E a proposito del beach club con vetrate panoramiche come l'ha spuntata? «Una bella sfida con gli ingegneri. Essendo un giovane designer sapevo di non poter imporre qualcosa troppo fuori dagli schemi, ma ho sfidato la sorte. Si trattava di costruire, oltre alla piscina con i lucernari sul fondo di cui ho detto, una poppa "vetrata" che si ribalta completamente con una serie di tagli orizzontali che portano luce all’interno e consentono di veder il fondale una volta aperta. Una complicazione estrema dal punto di vista ingegneristico, costosissima, ma mi hanno dato fiducia e il risultato è irresistibile».

Quanto è importante il rapporto tra ingegneri e designer per centrare l’obiettivo? «Molta nautica è rimasta conservatrice, prigioniera di certi schemi e ovviamente dei budget. Il designer ha molta libertà di pensiero, ha tempo e si deve confrontare con gli uffici tecnici dei cantieri che sono sempre sotto pressione e spesso restii ad accogliere troppe modifiche soprattutto strutturali. Nel caso del Mangusta Oceano 43, il cantiere ha colto al volo la mia idea».

la collaborazione con gli inglesi di Fairline

Dopo tante collaborazioni a un certo punto arrivano gli inglesi di Fairline che le affidano il futuro della loro linea tanto da far affermare a Russel Carry, manager director del cantiere: 'abbiamo deciso di mettere insieme il fiuto e lo stile di Mancini'. Come sta andando?
«Lavorare con gli inglesi non è facile. Ti scontri con un mondo conservatore, abituato a uno stile poco incline ai cambiamenti quando, invece, il modo migliore per creare un prodotto di successo è avere carta bianca, quindi un bel foglio su cui tracciare il nuovo. È anche un rischio ma, se non osi, rimani dove sei. Ed è quello che sto facendo in Fairline».

Il futuro Fairline è dunque un bel mix di Europa: design italiano, architettura navale olandese e artigianalità inglese…
«Si è creata la giusta combinazione di protagonisti importanti che hanno dato vita a un team equilibrato. Il designer italiano ha la creatività nel sangue ed è l’istinto messo su carta e, quindi, a me spetta il ruolo di introdurre il cambiamento. Questa collaborazione mi ricorda il periodo tra gli anni ’50 e ’60, quando famose case automobilistiche britanniche e le case di stile italiane Pininfarina, Touring Superleggera e Zagato hanno dato vita ad alcuni dei più eleganti e classici design del mondo».

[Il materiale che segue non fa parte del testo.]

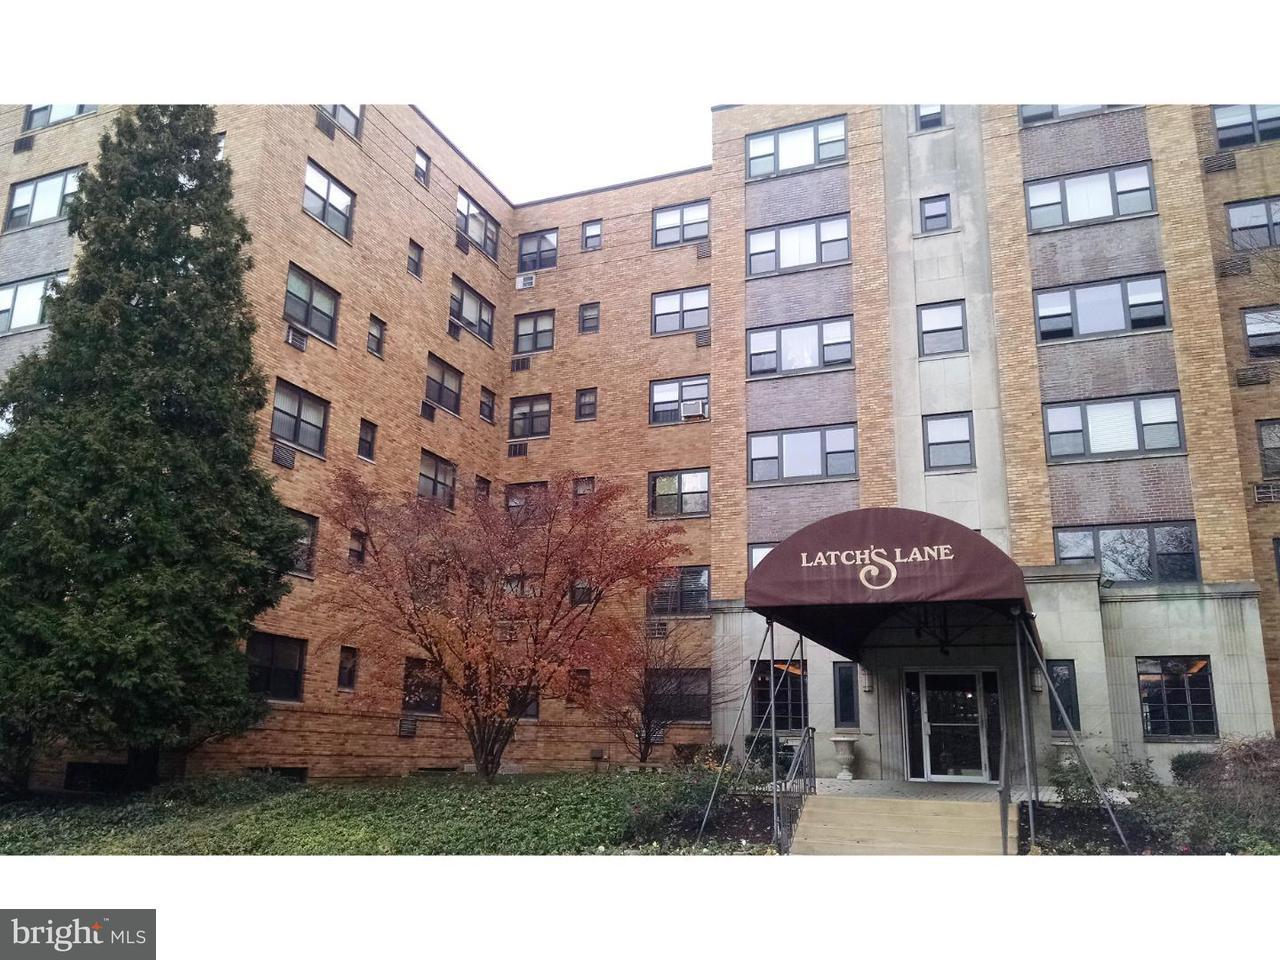 Condominium for Rent at 40 OLD LANCASTER RD #101 Merion Station, Pennsylvania 19066 United States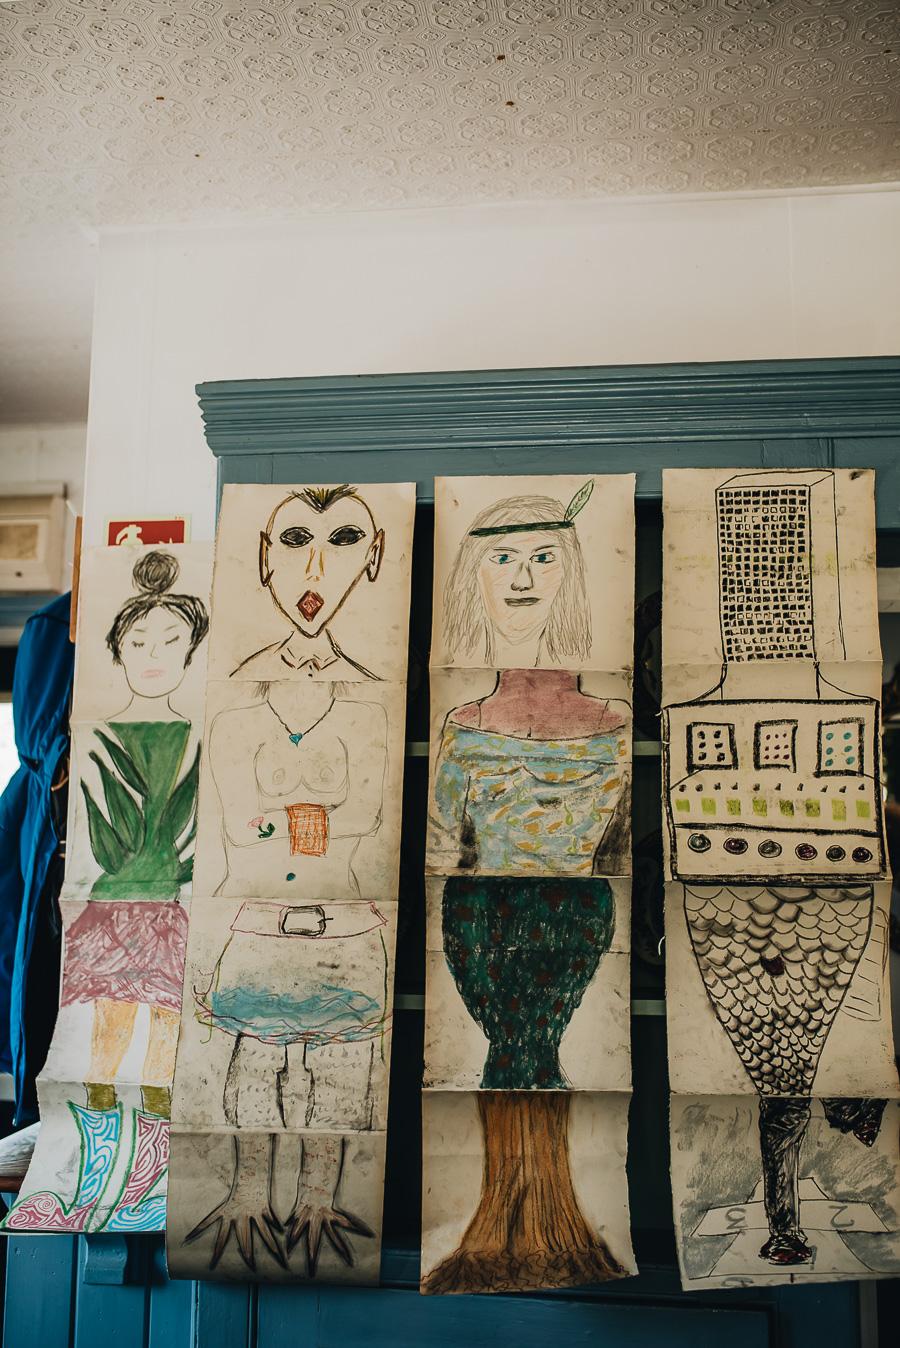 Kindling Women's Event - Swansea, South Wales - Workshop - Creativity

Come sarà il cambiamento e su quali barche lo vedremo?
«La gamma Fairline va da 40’ ai 95’ di lunghezza. Attualmente sto lavorando a un progetto ambizioso del nuovo Targa 63’ GTO con linee sportive, skylight di vetro a prua per portare luce nella cabina vip e una ricerca, negli interni, per valorizzare gli spazi dell’armatoriale con vetrate a murata, mai vista a bordo di una barca di queste dimensioni e una plancetta di poppa che non esito a definire esagerata». Mai pensato alla grande serie? «Per ora preferisco concentrarmi sulla nicchia dei superyacht anche se lavorare con un cantiere che fa grandi numeri sarà, prima o poi, un percorso da esplorare». Quando le viene l’ispirazione disegna a matita o al computer? «Foglio bianco e matita o su tablet. Parto con uno schizzo, disegno soprattutto di notte, il momento in cui riesco ad esprimere al meglio la mia creatività». Un’ultima domanda, perché è tornato a Trieste e non ha scelto Milano o Montecarlo? «Diciamo un ritorno alle origini. Qui ho una qualità di vita che non avrei altrove e nelle giornate terse si può vedere tutto il golfo di Trieste fino alla Croazia. Così l’ispirazione arriva da sola e quando voglio salgo a bordo del mio Chris Caft e vado a fare il bagno».